R11Statistical analysisMethodological CoherenceLayer 2 (Contextual)

Missing Data

Evaluates whether the paper adequately reports and handles missing data, as ignoring missing data can lead to biased results and is a sign of poor methodological rigor.

Technical description

R11 grades the quality of the missing-data handling described in the text. It searches for named methods (multiple imputation or MICE, last observation carried forward, complete-case or listwise or pairwise deletion, generic imputation), for a sensitivity analysis, for the missingness-mechanism assumptions (missing completely at random, at random, not at random), and for a stated missing-data percentage. The assumption acronyms are matched case-sensitively so the month abbreviation Mar or the word mar is not mistaken for the MAR assumption. The score grades the approach from best to worst: multiple imputation with a sensitivity analysis, multiple imputation alone, complete-case with a small percentage, complete-case with unknown or high percentage and LOCF without a sensitivity analysis, and no method at all.

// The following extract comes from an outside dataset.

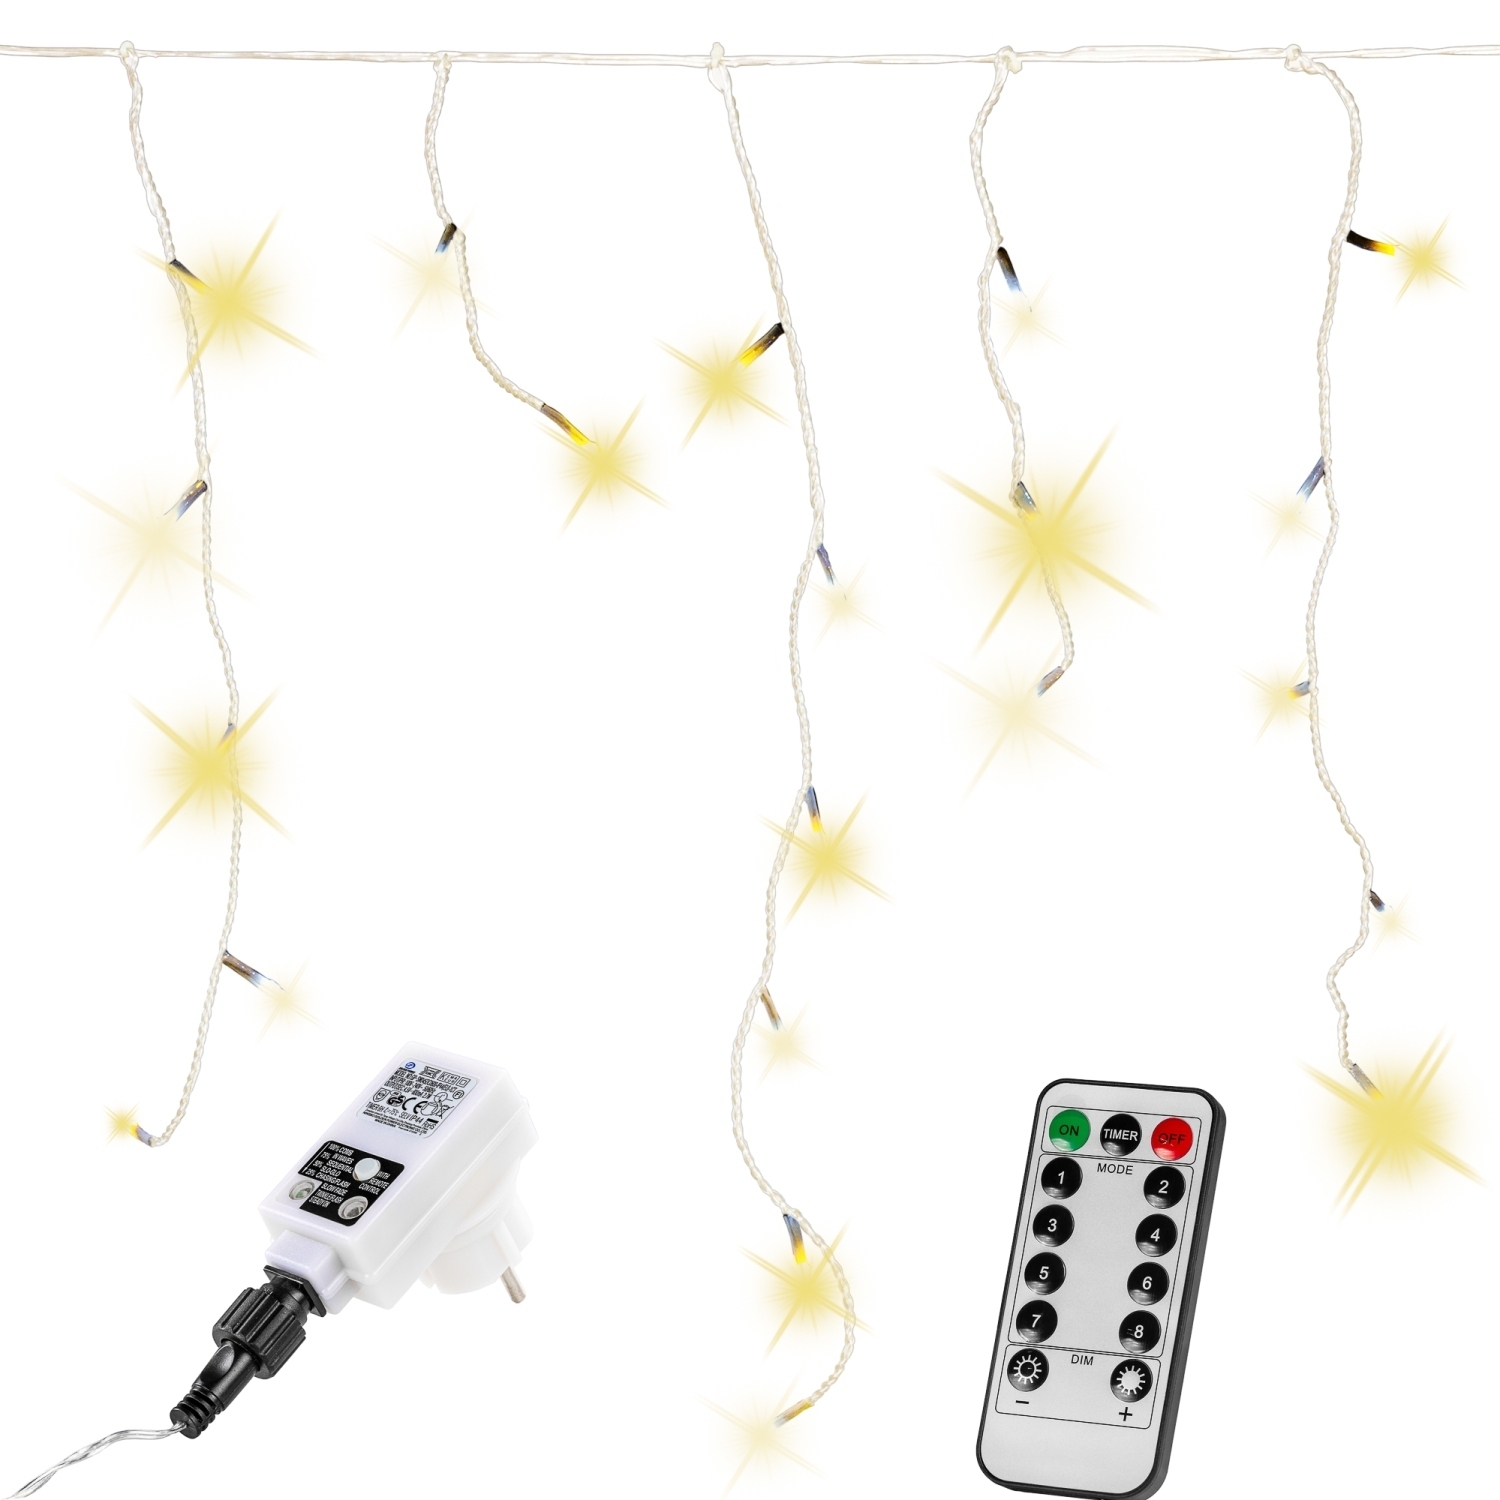 Lichtgordijn – Ijspegelverlichting – Voor Binnen en Buiten – Met afstandsbediening – 60 m – Warm wit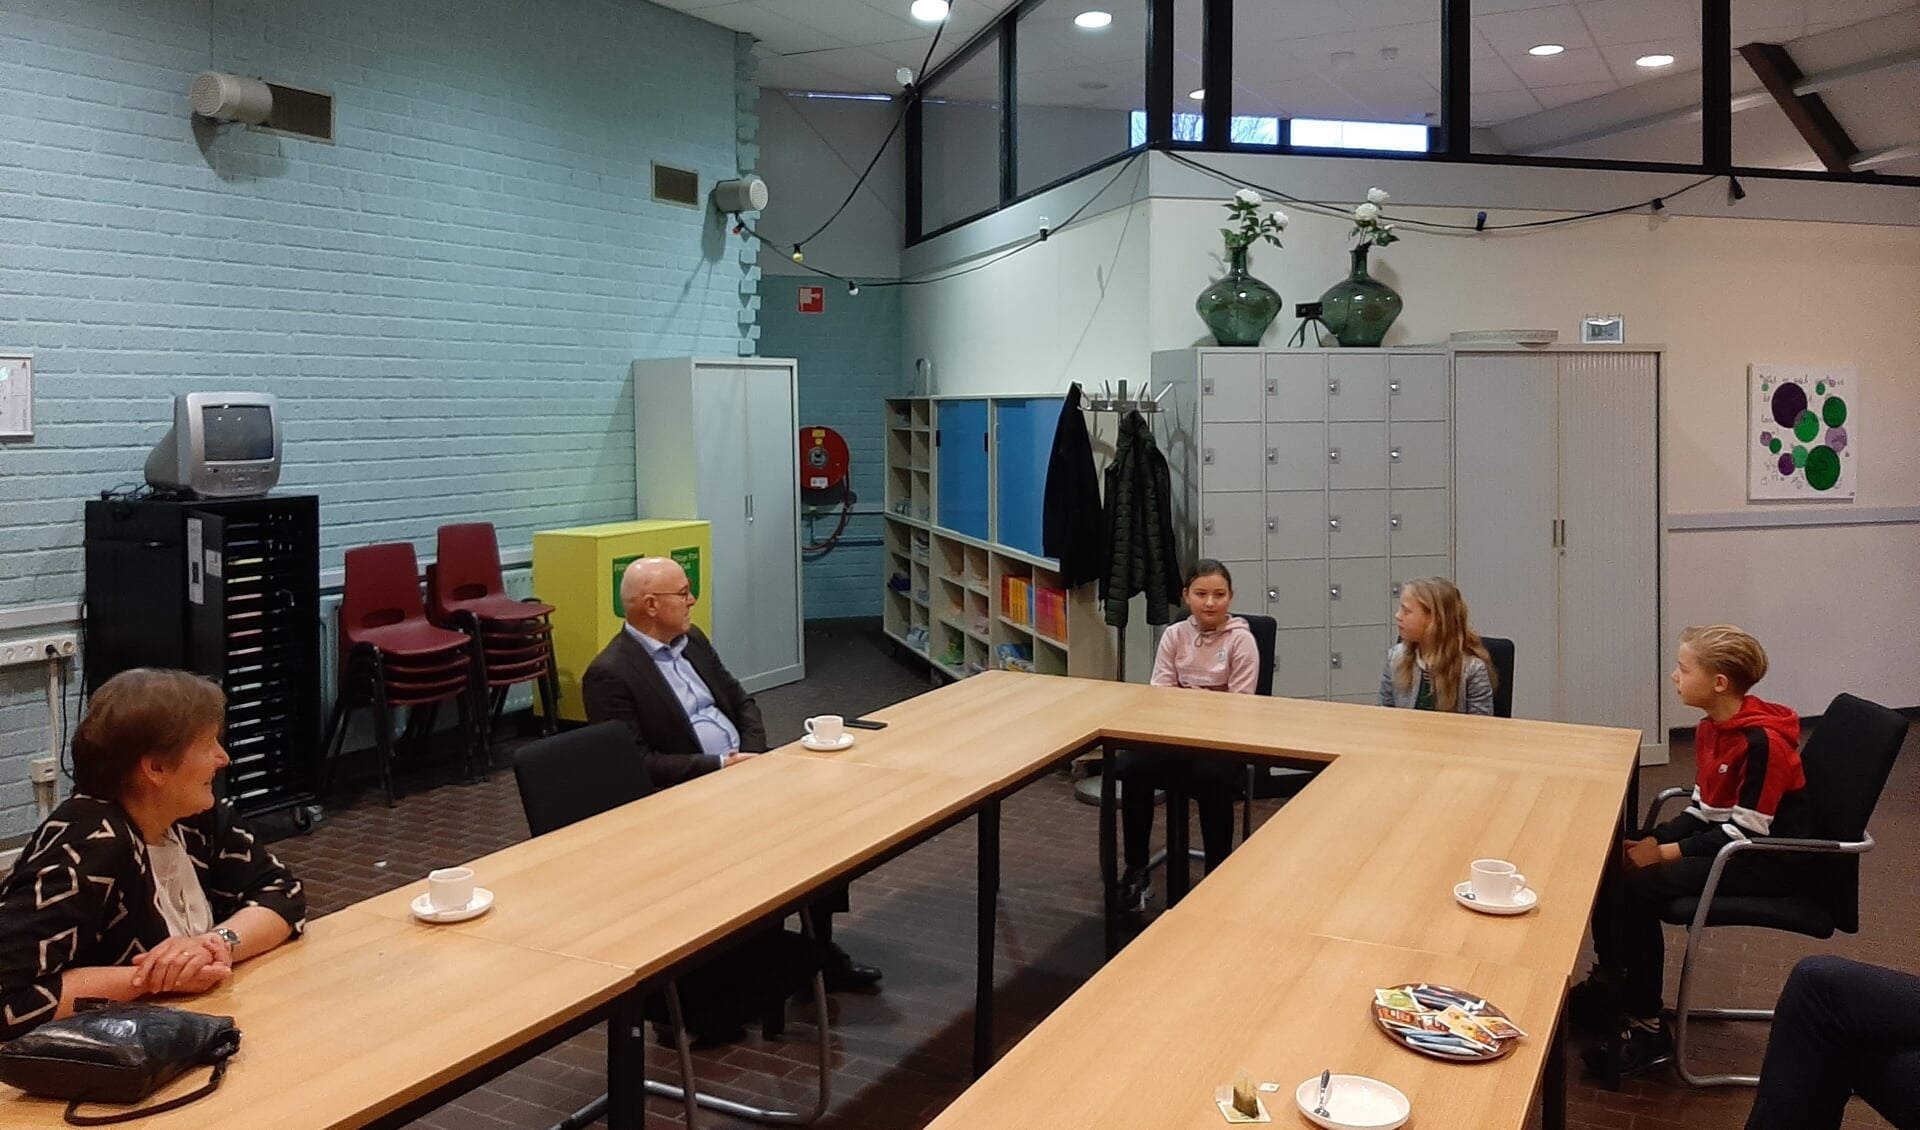 Wethouder Van der Pas en Kees van Rooij in gesprek met Dexter, Evi en Jara. Zij zitten alle drie in groep 8 van basisschool De Bunders.

Independently of the grade, it counts the TARMOS reporting elements present (amount, method, mechanism, sensitivity).

How it works

Layer 2 (contextual): the text is matched against method, sensitivity-analysis, assumption, and missing-percentage patterns. Multiple imputation with a sensitivity analysis scores 0.0, multiple imputation alone 1.0. Complete-case analysis scores 1.5 with a stated missing percentage below five and 2.5 otherwise (with a finding). LOCF scores 2.0 with a sensitivity analysis and 3.0 without (with a finding). A generic imputation or missingness-assumption mention with no stronger method scores 2.0. No method at all scores 3.5 with a finding. Capped at 5.0. Metadata records the primary method found, whether a sensitivity analysis was present, the largest stated missing percentage and how many were reported, and whether a missingness mechanism was stated. It also counts the TARMOS reporting elements (amount, method, mechanism, sensitivity); a named but incompletely reported method that is not best practice gets an informational finding listing the missing elements, and the metadata records the completeness count and per-element status.

Why this matters

Almost all studies have missing data and how it is handled can change the conclusions, so the method and its reporting are part of validity. Multiple imputation is preferred to ad hoc methods when reported credibly; the missingness mechanism (completely at random, at random, not at random) determines which method is valid; and last observation carried forward rests on the implausible assumption that a value stays fixed after dropout and can bias results, so it warrants a sensitivity analysis. A study describing no handling at all leaves the reader unable to judge whether missing data distorted the result.

Score thresholds

0-1.5: A principled method: multiple imputation, or complete-case analysis with little missing data
2-3: A weaker approach: complete-case with high or unstated missingness, or last-observation-carried-forward
3.5-5: No missing-data handling method is described

Limitations

Detection is keyword-based, so a method described unconventionally is missed (scored as no handling) and a method named in passing or in the background is credited. The missing percentage taken for scoring is the largest stated, since the worst-affected variable governs complete-case adequacy, but a complete-case analysis with genuinely low yet unstated missingness is still scored as if high. The grading reflects general preferences rather than a given study's specifics, where a simpler method can be appropriate, so a score is guidance. The indicator reads the text and does not confirm the described method was applied or applied correctly. The structure of missingness within the individual-patient data is indicator D29; R11 focuses on the description and adequacy of the missing-data handling in the report.